Rachael Davis is felt before she is seen or heard, like a pressure drop or a disturbance in the force. The room suddenly gets...jollier.  Peals of uproarious laughter inevitably follow, from her and from those around her.  Exclamations of "HOLY CRAP!" descend like little hailstorms of love and mirth.  And when she stops telling stories about her beloved family or her crazy life long enough to sing a song, you feel the resonations of her deeply empathetic message deep in your subconscious:  this is music for healing, for realizing darkness exists but never letting it run your business.  For more than 30 years, starting back with her family band in the north woods of Michigan, for formative years in the Boston music scene, and continuing into the present as a beloved Nashville fixture, Rachael has been weaving orbs of commanding melody, ensnaring enraptured audiences around the nation, whether alone, or with any number of collaborators, including vocal nightingale trio the Sweet Water Warblers, and her husband Dominic John Davis, master of the bass (as opposed to bassmaster). Before you get the impression it's all fun and games....listen closer.  There is a serious dedication to craft in her near-operatic vocals, her guitar work, her banjo scholarship, and her commitment to the language and traditions of folk music, while pushing it to new fresh places. 

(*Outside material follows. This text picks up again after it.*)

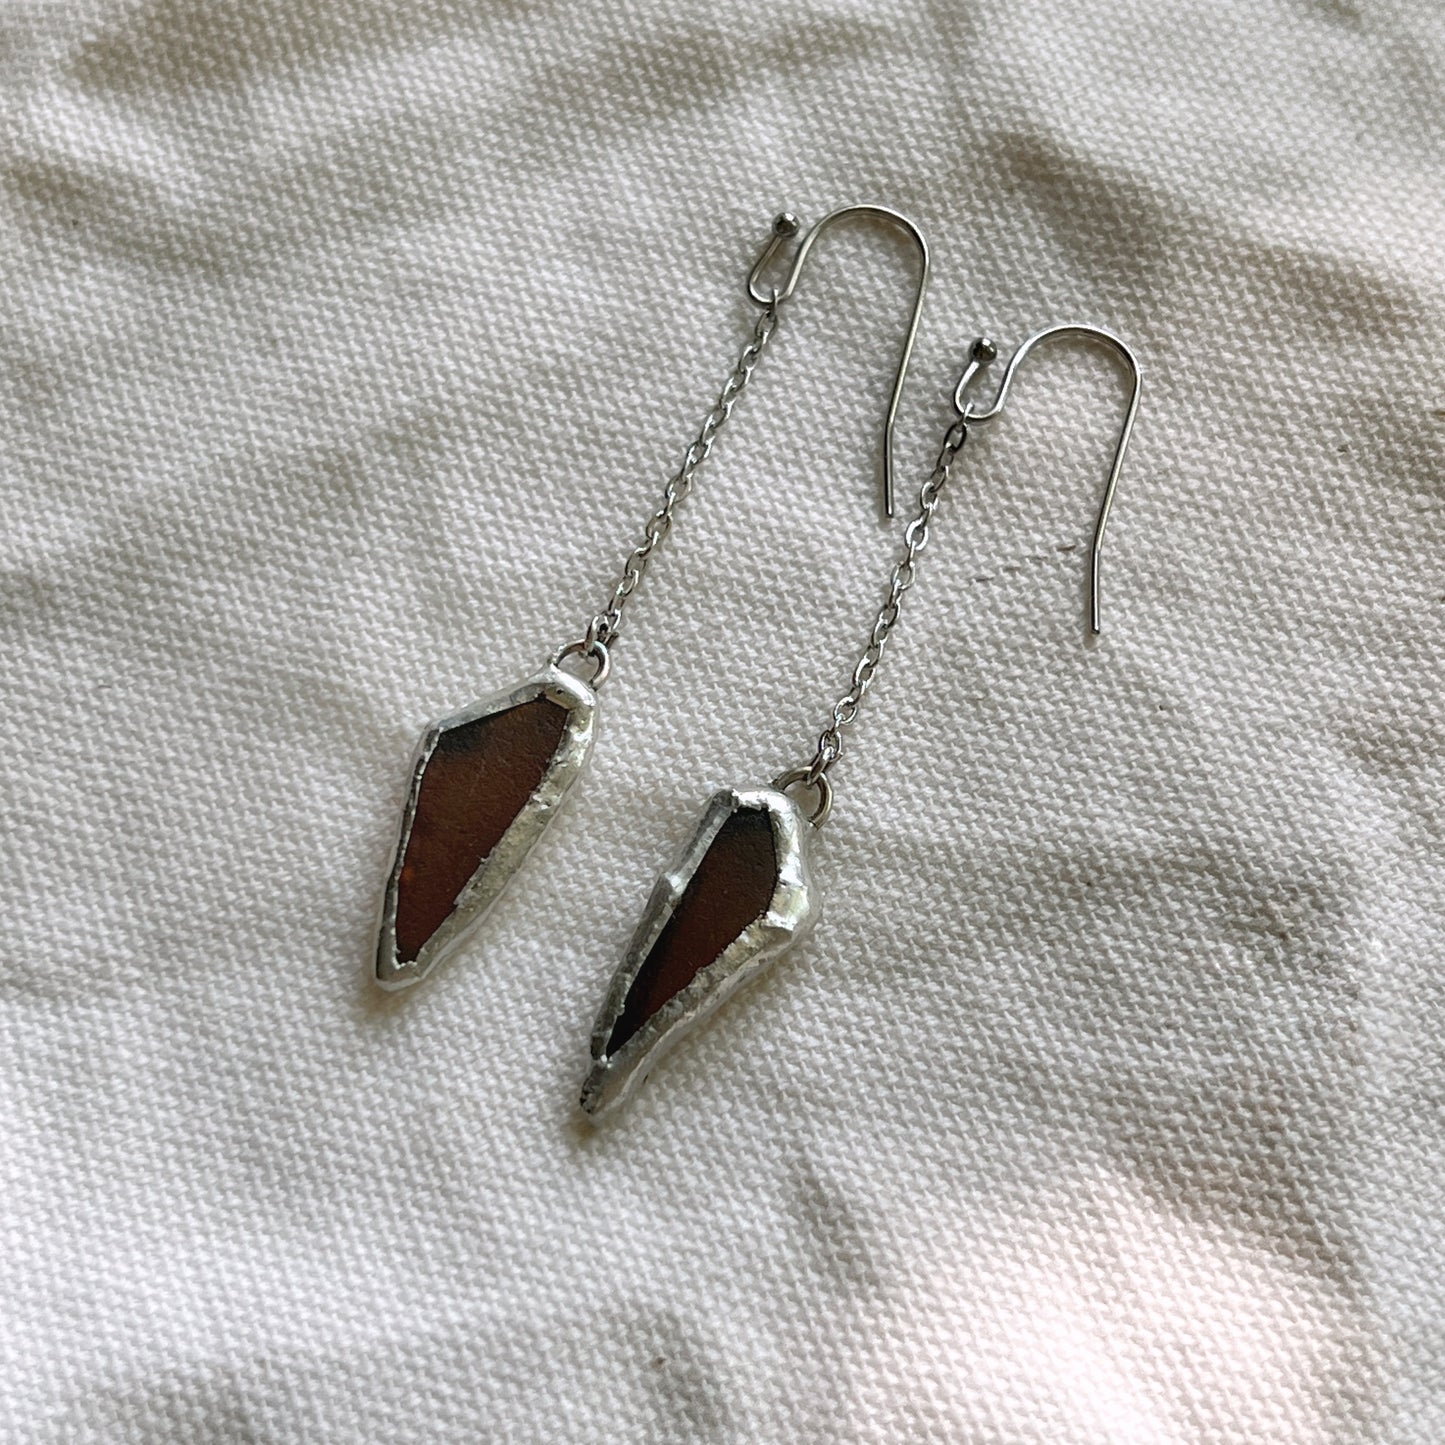 Chicago Beach Glass Earrings (Brown Drops)

Rachael Davis recordings are rare in this stage of life, having dedicated more time to both the art of performance and the art of raising her frankly delightful children, but a few have escaped: Minor League Deities (2000), Live In Bremen, Germany (2004), Antebellum Queens (2008), Bandbox Jubilee (2014), plus releases with Shout Sister Shout! (2008) and The Sweet Water Warblers (2020). And, great news, more recordings are coming very soon!  A new compilation released in November of 2023 called A Few Good Ones is available now and contains two unreleased songs from about a decade ago that were recently unearthed, and brand new sessions are under way for a long-awaited upcoming release . 

 The world needs more Rachael Davis music, and Rachael Davis needs more of the world, to put down their sorrows and raise a communal voice in celebration of the hilarious beauty of life.  You know how something embarrassing or awful happens, and we say, oh we'll laugh about it later?  Rachael knows life is short:  laugh now.